#### Data extract

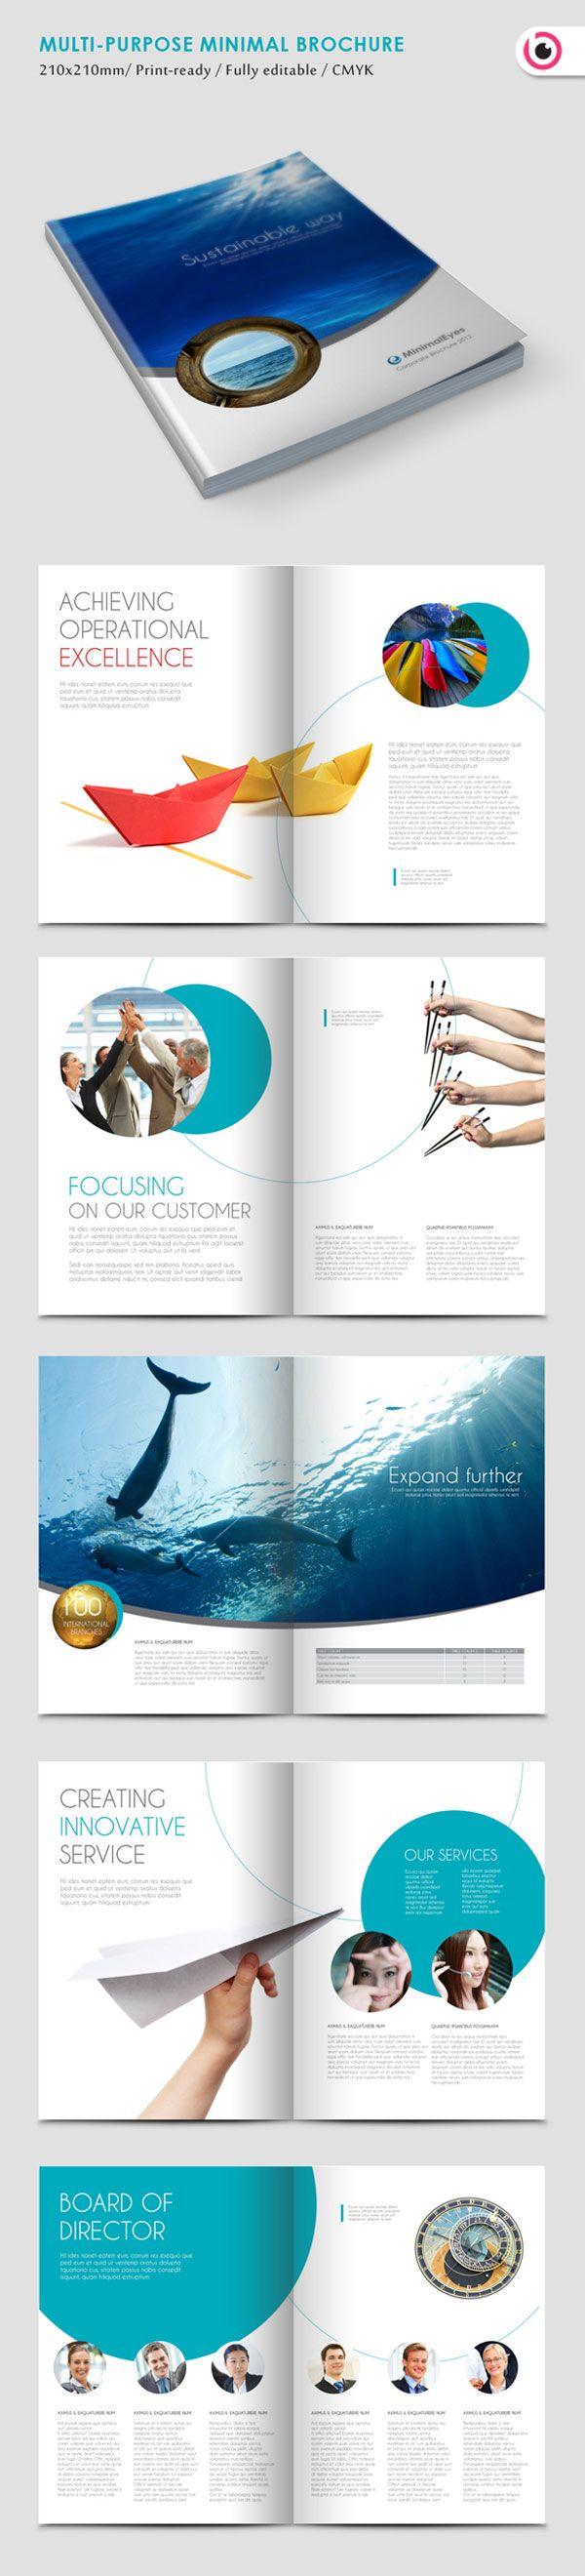 Simple Yet Beautiful Brochure Design Inspiration Templates - Beautiful brochure templates
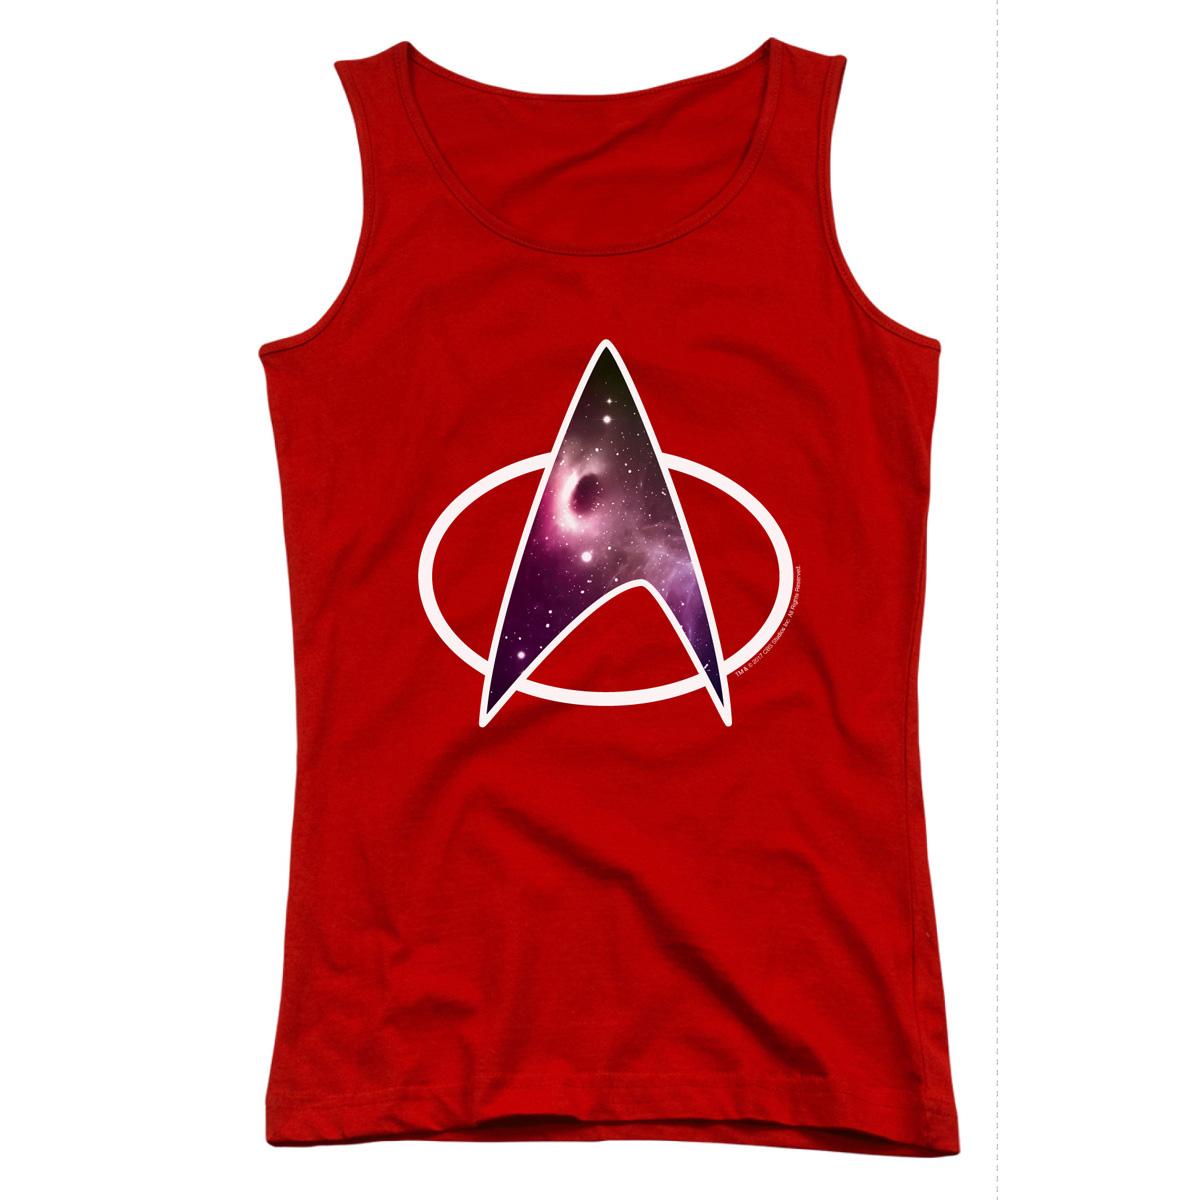 Star Trek The Next Generation Space Delta Women's Tank
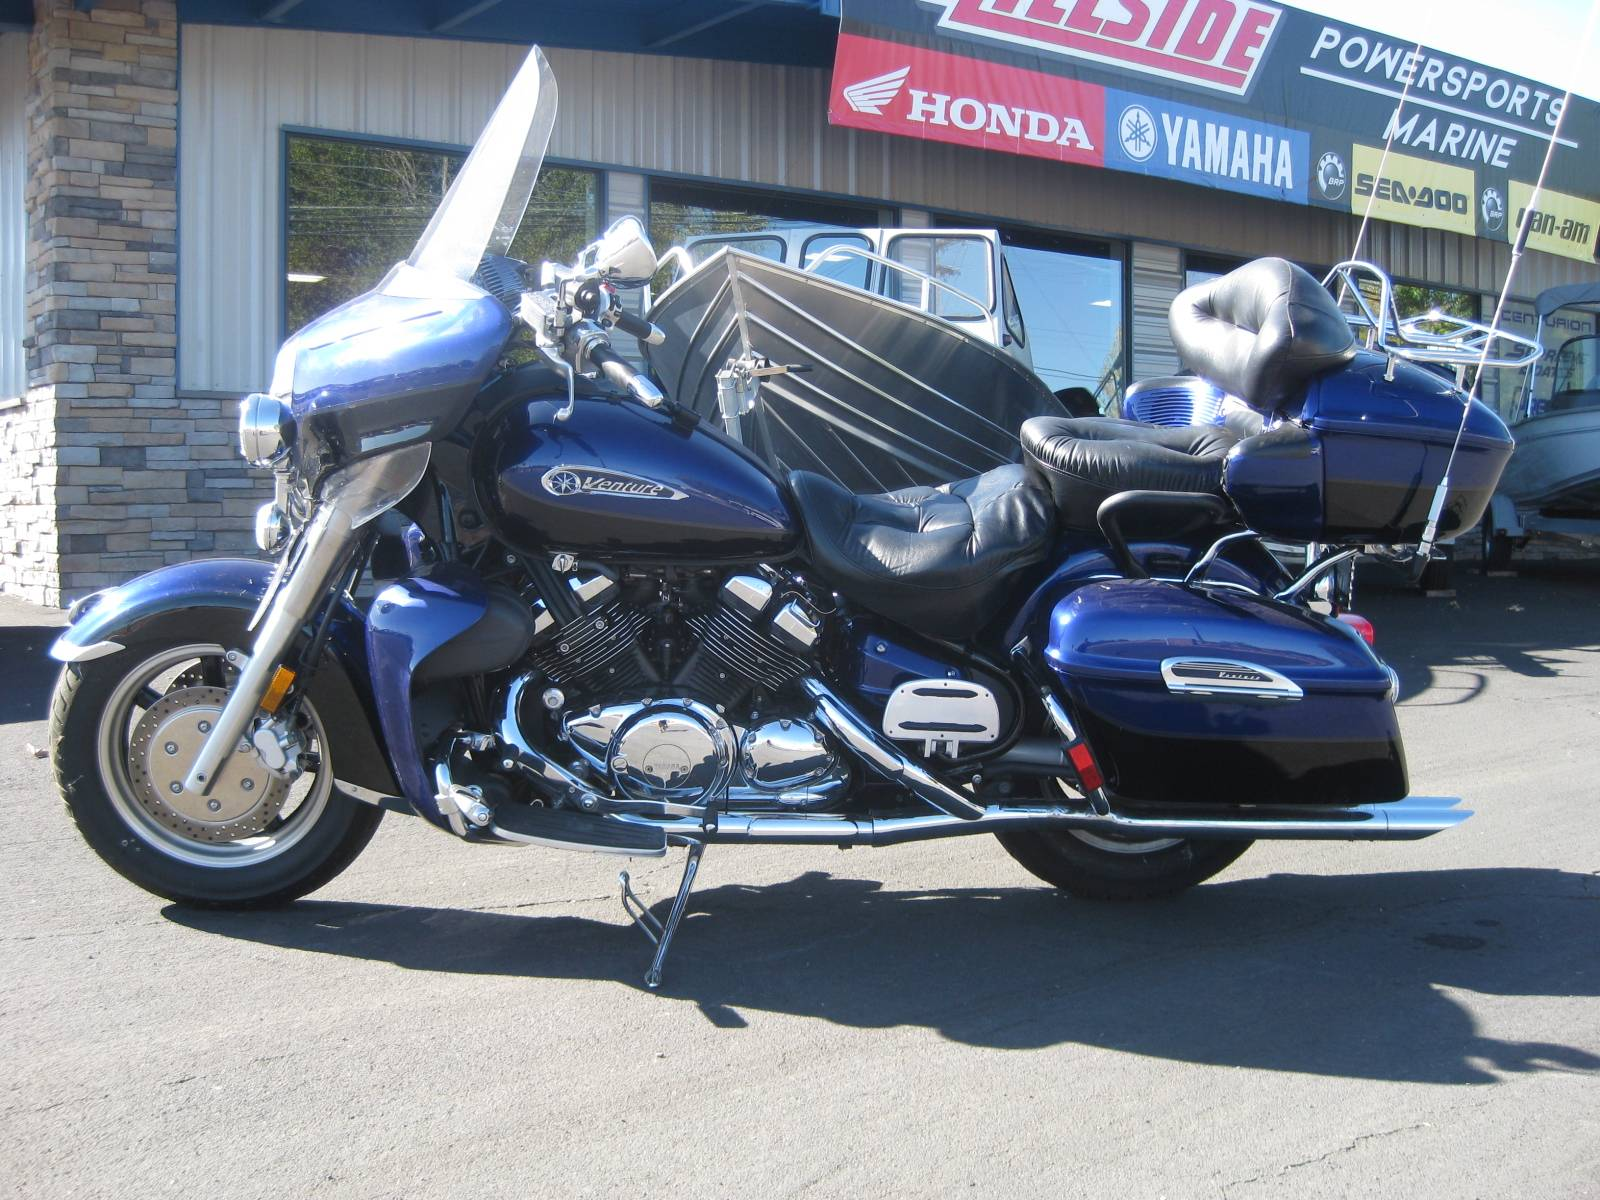 Used 2007 Yamaha Royal Star® Venture Motorcycles in Lakeport, CA ...

########

Restate the material above exactly. Exclude all pictures.

_Output_
 Simple Yet Beautiful Brochure Design Inspiration Templates - Beautiful brochure templates
 Star Trek The Next Generation Space Delta Women's Tank
 Used 2007 Yamaha Royal Star® Venture Motorcycles in Lakeport, CA ...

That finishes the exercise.